■ **EXERCISE GOAL**: Give back every line of the material exactly. Skip the pictures.

COLLECTED MATERIAL Block Start

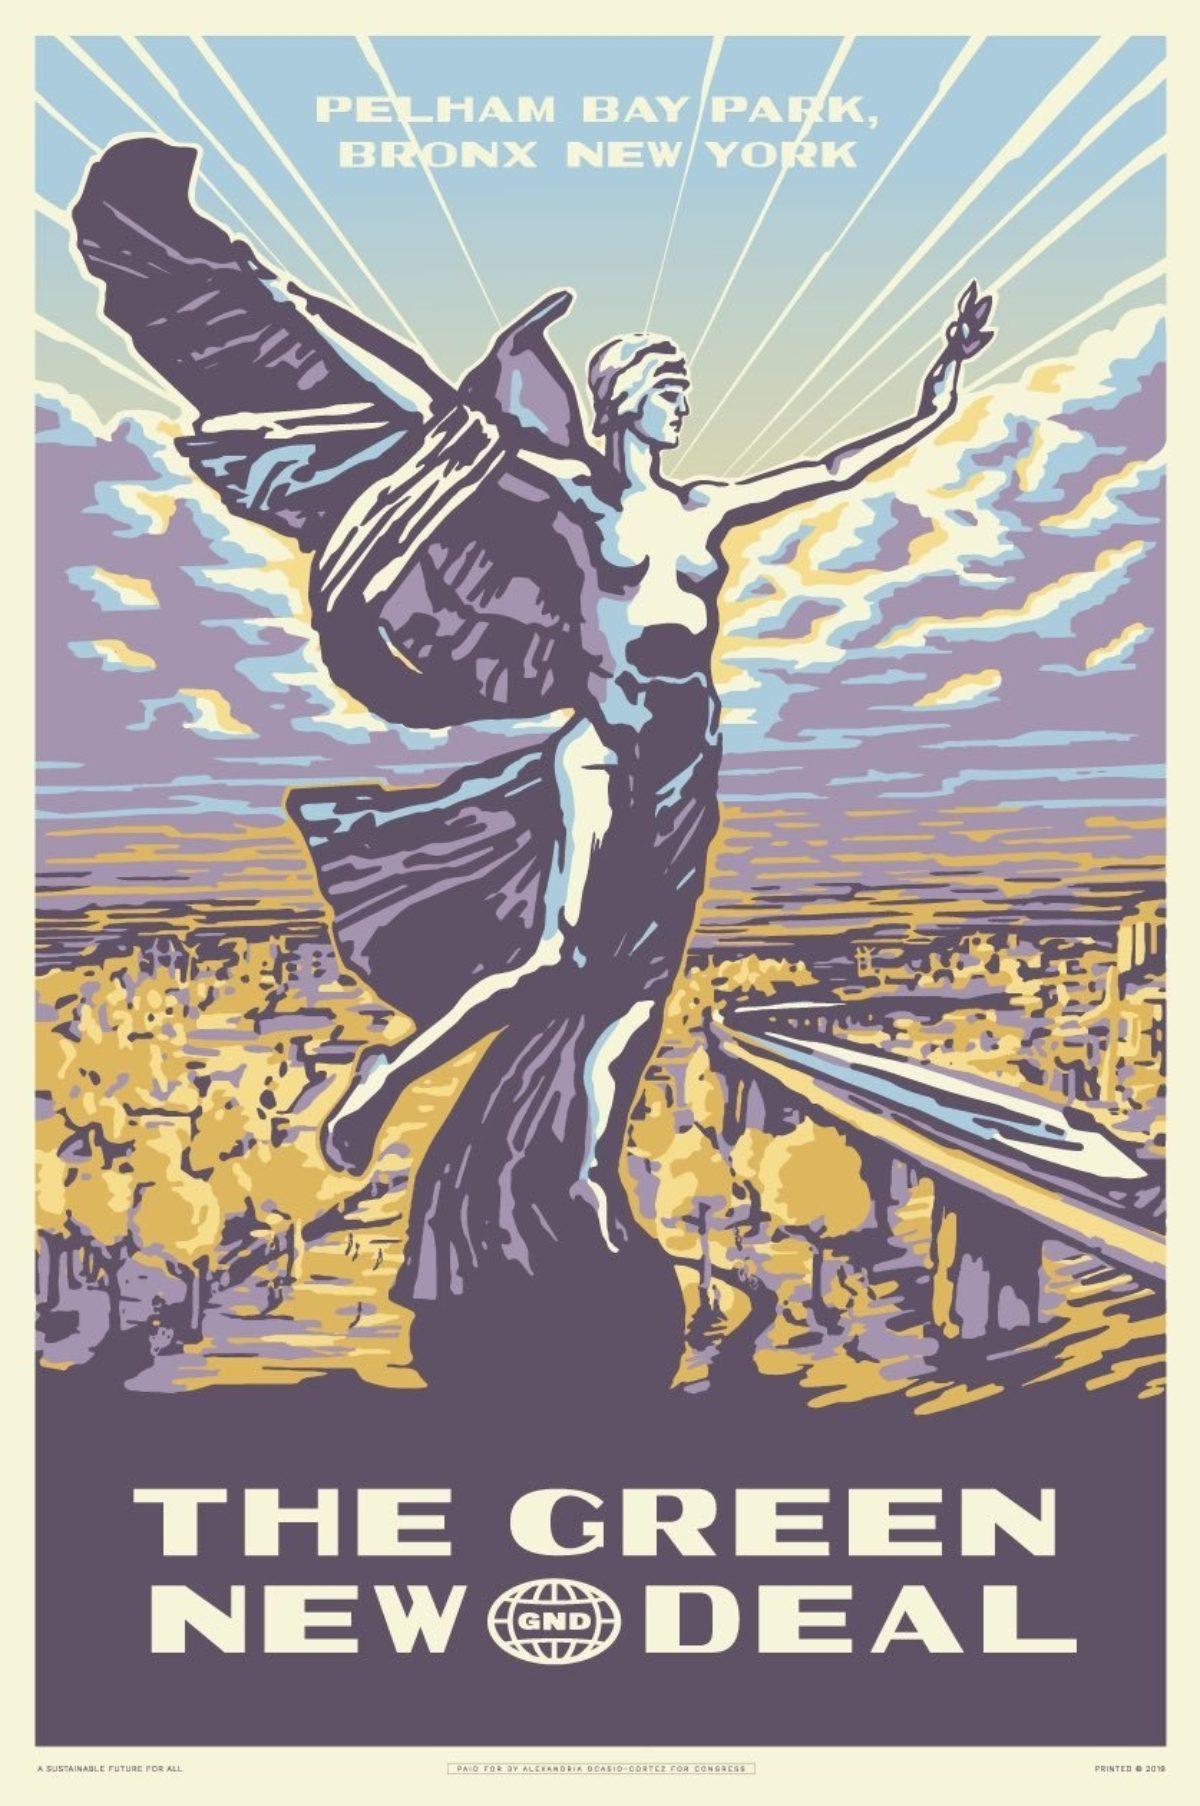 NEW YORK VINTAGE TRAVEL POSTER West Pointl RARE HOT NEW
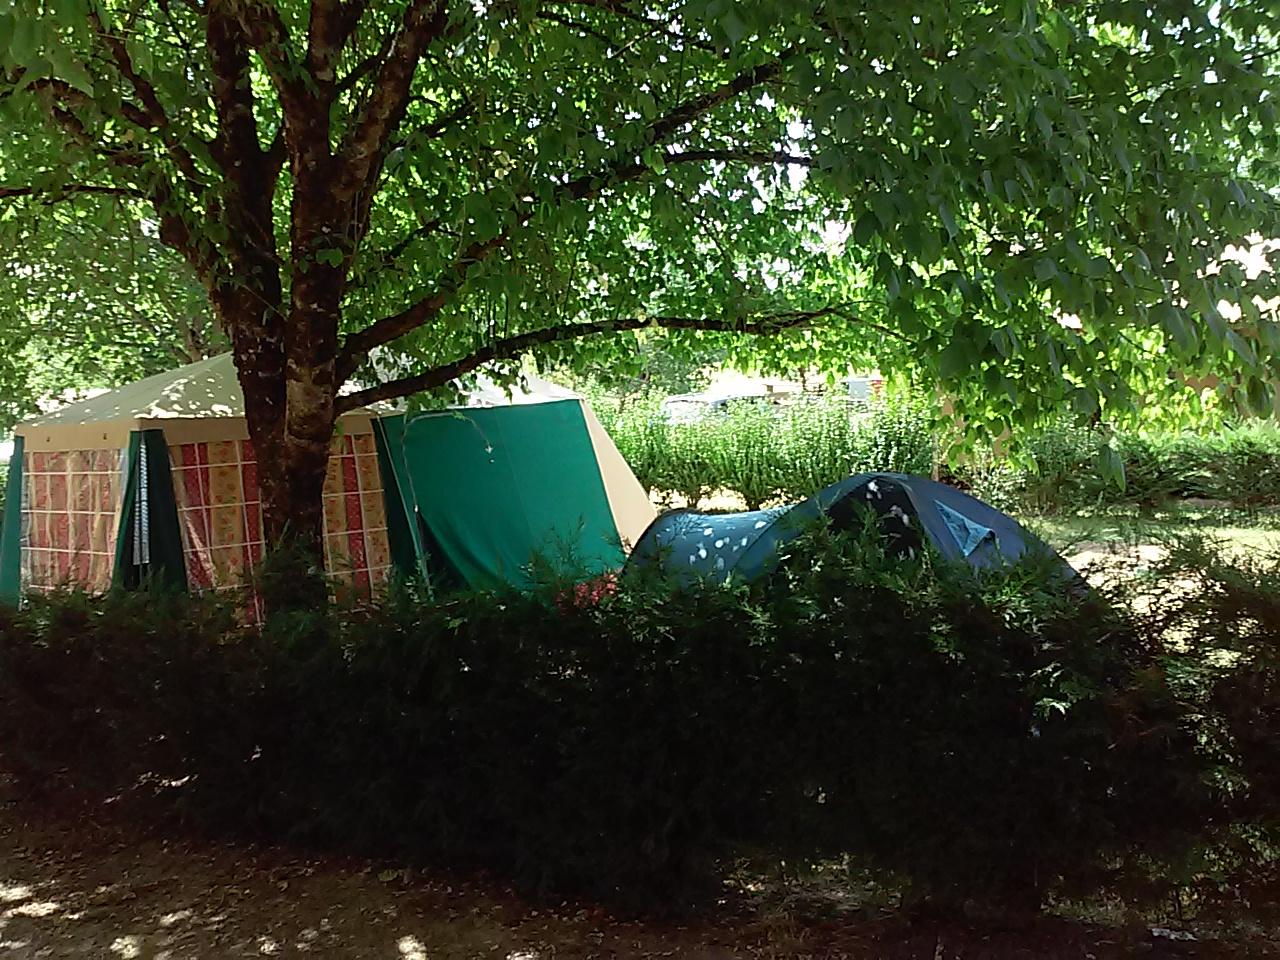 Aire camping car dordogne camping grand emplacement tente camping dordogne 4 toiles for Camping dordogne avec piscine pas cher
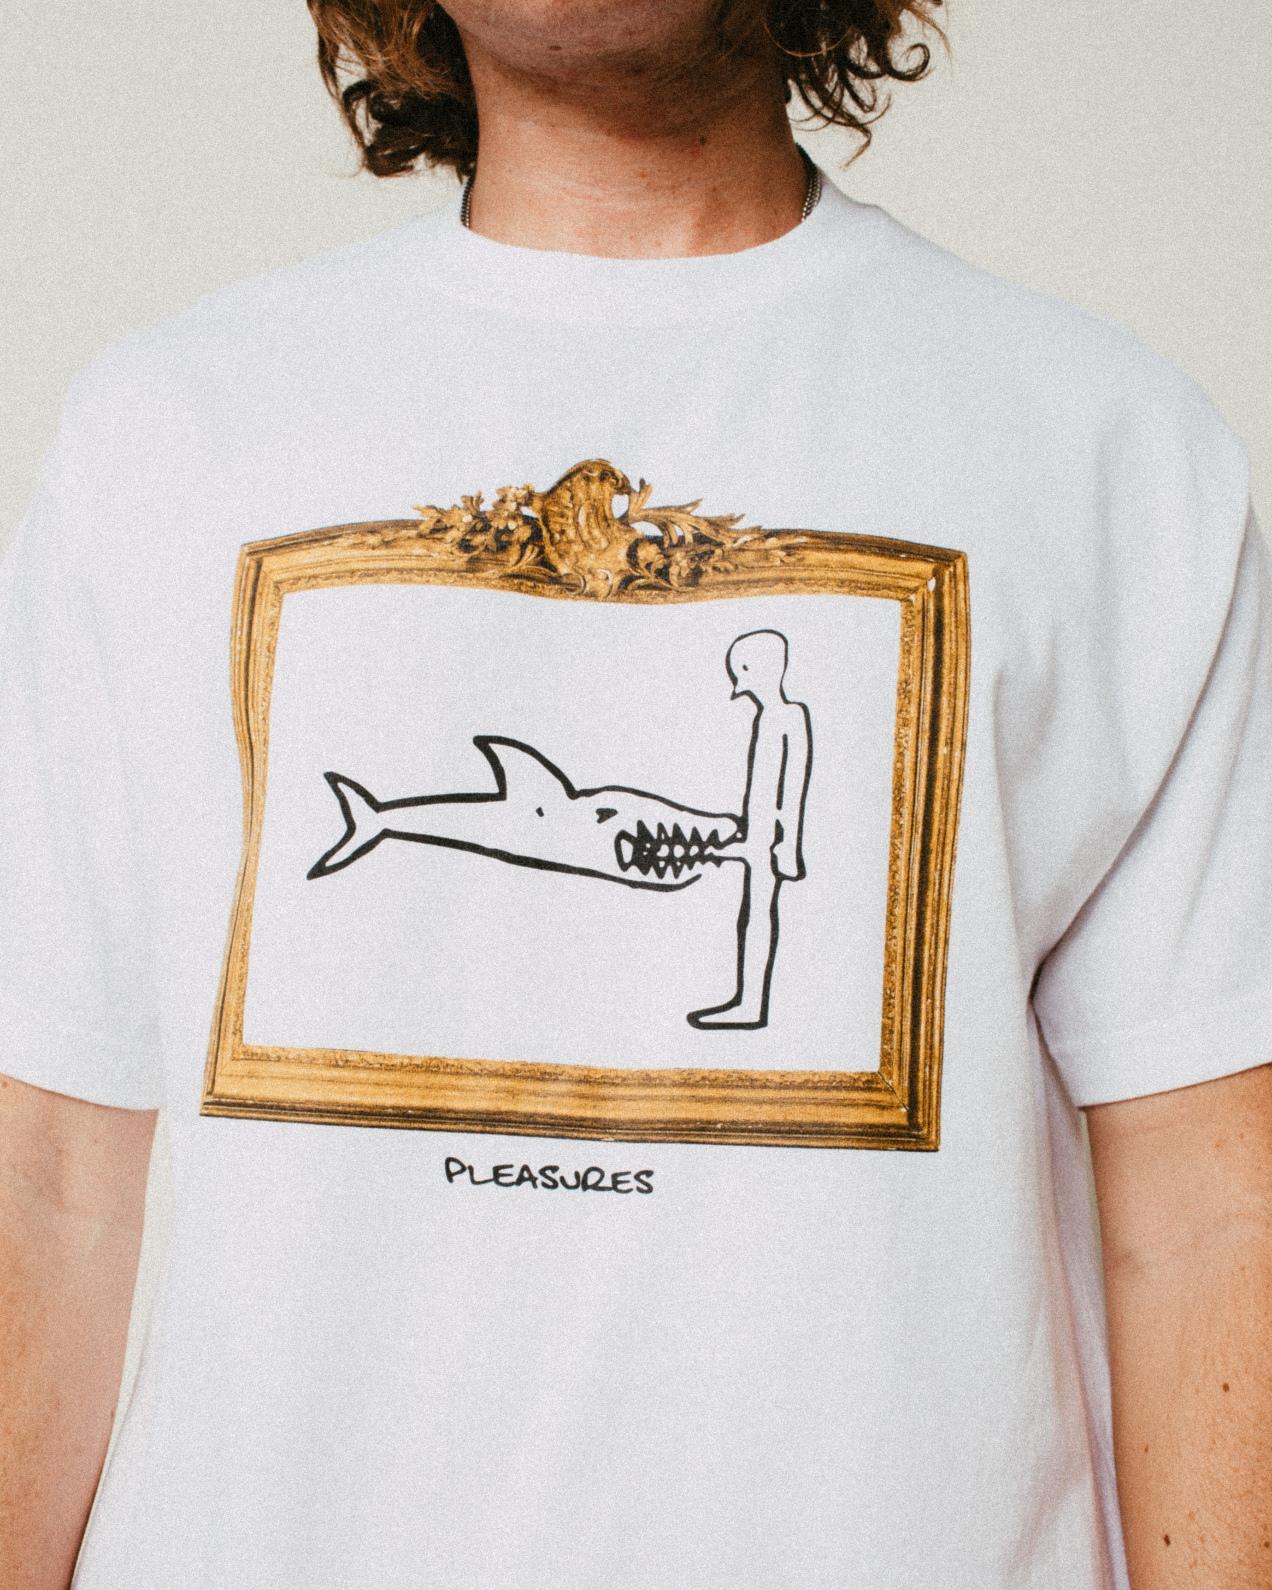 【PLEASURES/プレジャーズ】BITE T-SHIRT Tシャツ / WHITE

COLLECTED MATERIAL Block End

■ **ANSWER**:
 NEW YORK VINTAGE TRAVEL POSTER West Pointl RARE HOT NEW
 Aire camping car dordogne camping grand emplacement tente camping dordogne 4 toiles for Camping dordogne avec piscine pas cher
 【PLEASURES/プレジャーズ】BITE T-SHIRT Tシャツ / WHITE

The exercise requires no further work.